Below is a sample code showing the configuration for snapshot mode.

snapshot:
  threads: 16
  fetch-size-rows: 10_000
  verify-row-count: false
  _fetch-exact-row-count: true
  _traceDBTasks: true
#  inf-number-behavior: EXCEPTION   # EXCEPTION, ROUND, CONVERT_TO_NULL
#  flashback-query: true
#  parallel-query: true
#  fetch-user-roles: true

#   native-load:
#     enable: false
#     stage-type: SHARED_FS
#     directory: SHARED_STAGE
#     shared-path: FULL_PATH_TO_NFS #full path to the NFS shared directory 

#   per-table-config:
#   - schema: tpch
#     tables:
#       lineitem1:
#         row-identifier-key: [ORDERKEY, LINENUMBER]
#         extraction-priority: 1 #Higher value is a higher priority. Both positive and negative values are allowed. The default priority is 0 if unspecified.
#       lineitem1:
#         row-identifier-key: [ORDERKEY, LINENUMBER]
#        products:
#          per-partition-config:
#          - partition-name: SYS_P461
#            row-count: 0
#          - partition-name: SYS_P462
#            row-count: 0
#          - partition-name: SYS_P463
#            row-count: 1
#          - partition-name: SYS_P464
#            row-count: 3
#        part:
#          row-count: 2000

Next, let’s look at the parameters related to real-time mode. If your data is to be replicated in real-time, the real-time section is what you will use to specify your configuration. The following Oracle-specific parameters are available:

  • block-ddl-transaction
  • use-current-scn
  • start-scn
  • inter-source-latency-s
  • log-miner-dict-file
  • oldest-active-txn-window-hr

Below is a sample configuration to illustrate the parameters associated with the real-time mode.

realtime:
  threads: 4
  _traceDBTasks: true
  #fetch-size-rows: 0
  heartbeat:
    enable: true
    schema: "tpch"
    interval-ms: 10000
    table-name: replicate_io_cdc_heartbeat

  start-position:
    start-scn: 2362927

Step 9: Obtain the JDBC driver for Google BigQuery

Replicant also requires the correct JDBC driver for Google BigQuery as a dependency. To obtain the right driver, you can follow the steps shown below:

Step 10: Set up connection configuration for Google BigQuery

From the $REPLICANT_HOME directory, you will open the BigQuery Connection configuration file:

vi conf/conn/bigquery.yaml

Once the BigQuery Connection configuration file is open, we will configure the BigQuery server connection. For this, you will need to input your credentials such as your BigQuery username and password. If your connection credentials are stored on AWS Secrets Manager, Replicant can simply obtain them for you. If you are manually inputting these credentials, the sample below shows how they can be added:

type: BIGQUERY

host: https://www.googleapis.com/bigquery/v2
port: 443
project-id: bigquerytest-268904
auth-type: 0
o-auth-service-acc-email: bigquerytest@bigquerytest-268904.iam.gserviceaccount.com
o-auth-pvt-key-path: <path_to_oauth_private_key>
location: US
timeout: 500

username: "USERNAME"
password: "PASSWORD"

max-connections: 20

max-retries: 10
retry-wait-duration-ms: 1000

From the sample above, the value definitions for each field are:

type: This indicates the connection type representing the database, it is “BIGQUERY” in this case. 
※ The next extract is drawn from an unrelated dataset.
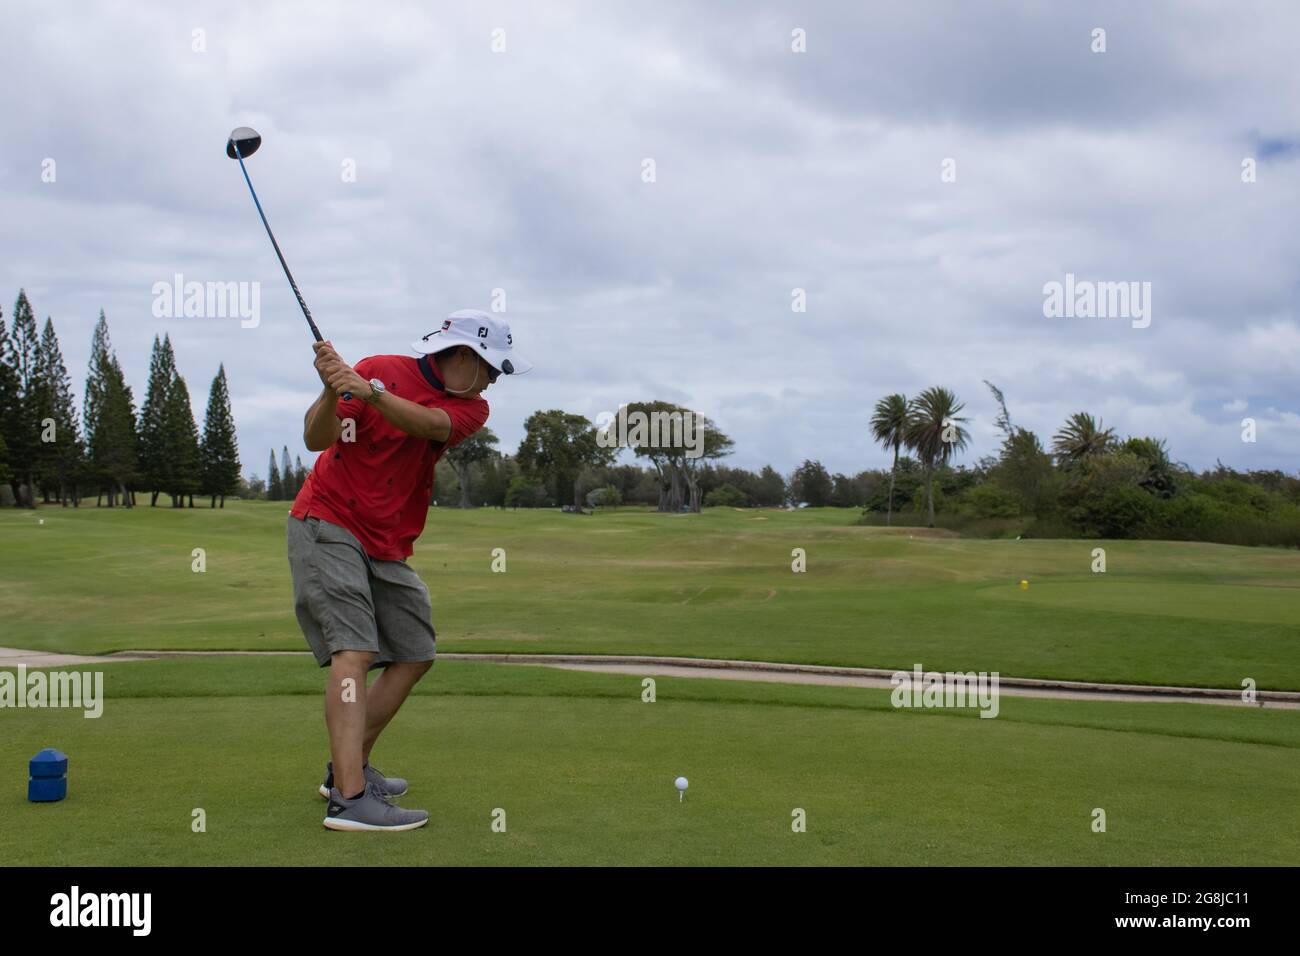 Captura de un jugador de golf en su swing Foto de stock

host: This shows the hostname of your BigQuery instance.

port: This is the port number to connect to the host.

username: This refers to the username credential to access the BigQuery system.

password: This is the password associated with the username.
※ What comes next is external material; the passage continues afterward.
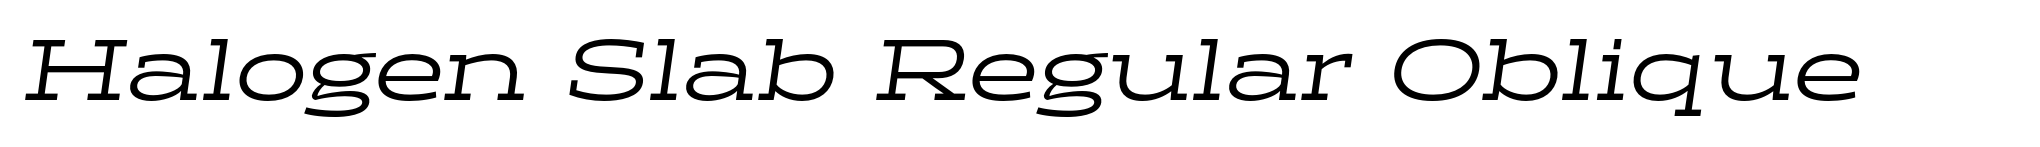 Halogen Slab Regular Oblique image

max-connections: This indicates the maximum number of connections Replicant can use to load data into the BigQuery instance.

Arcion supports both HTTP and HTTPS for BigQuery connection.

To use HTTP, follow these steps:

  • Set http as the protocol in the host URL.
  • Set port to 80.

To use HTTPS, follow these steps:

  • Set https as the protocol in the host URL.
  • Set port to 443.

The https setup is what is shown in the example above.

Arcion can also support CSV and Parquet as intermediary formats to send data to the BigQuery server. To specify the stage format, you can add the stage field in the connection configuration file with the desired file-format chosen:

stage:
  type: NATIVE
  file-format: {CSV|PARQUET}

Step 11: Set up Applier configuration

Next, we will need to set the Applier configuration to tell Arcion how to apply the data to our BigQuery instance. From $REPLICANT_HOME, open the sample BigQuery Applier configuration file:

vi conf/dst/bigquery.yaml

Arcion Replicant supports snapshot, realtime, and full replication modes for BigQuery as a target. Below we will look at how to set the Applier configuration based on what type of replication should be applied.

Configuration for snapshot replication

Replicant supports the following two methods for snapshot replication; loading data with the load job method, which is the default method, and streaming data using the BigQuery Storage Write API.

For the configuration with the load job method, a sample is shown below:

snapshot:
  threads: 16

  batch-size-rows: 100_000_000
  txn-size-rows: 1_000_000_000
  
  use-write-storage-api: false

  bulk-load:
    enable: true
    type: FILE
    save-file-on-error: true
    serialize: true

  use-quoted-identifiers: false

For a configuration with Storage Write API, a sample is given below:

snapshot:
  threads: 16

  batch-size-rows: 100_000_000
  txn-size-rows: 1_000_000_000
  
  use-write-storage-api: true

  bulk-load:
    enable: true
    type: FILE
    save-file-on-error: true
    serialize: true

Configure realtime replication

For realtime replication mode, Replicant also supports loading data with the load job method which is the default method, and streaming data using BigQuery Storage Write API.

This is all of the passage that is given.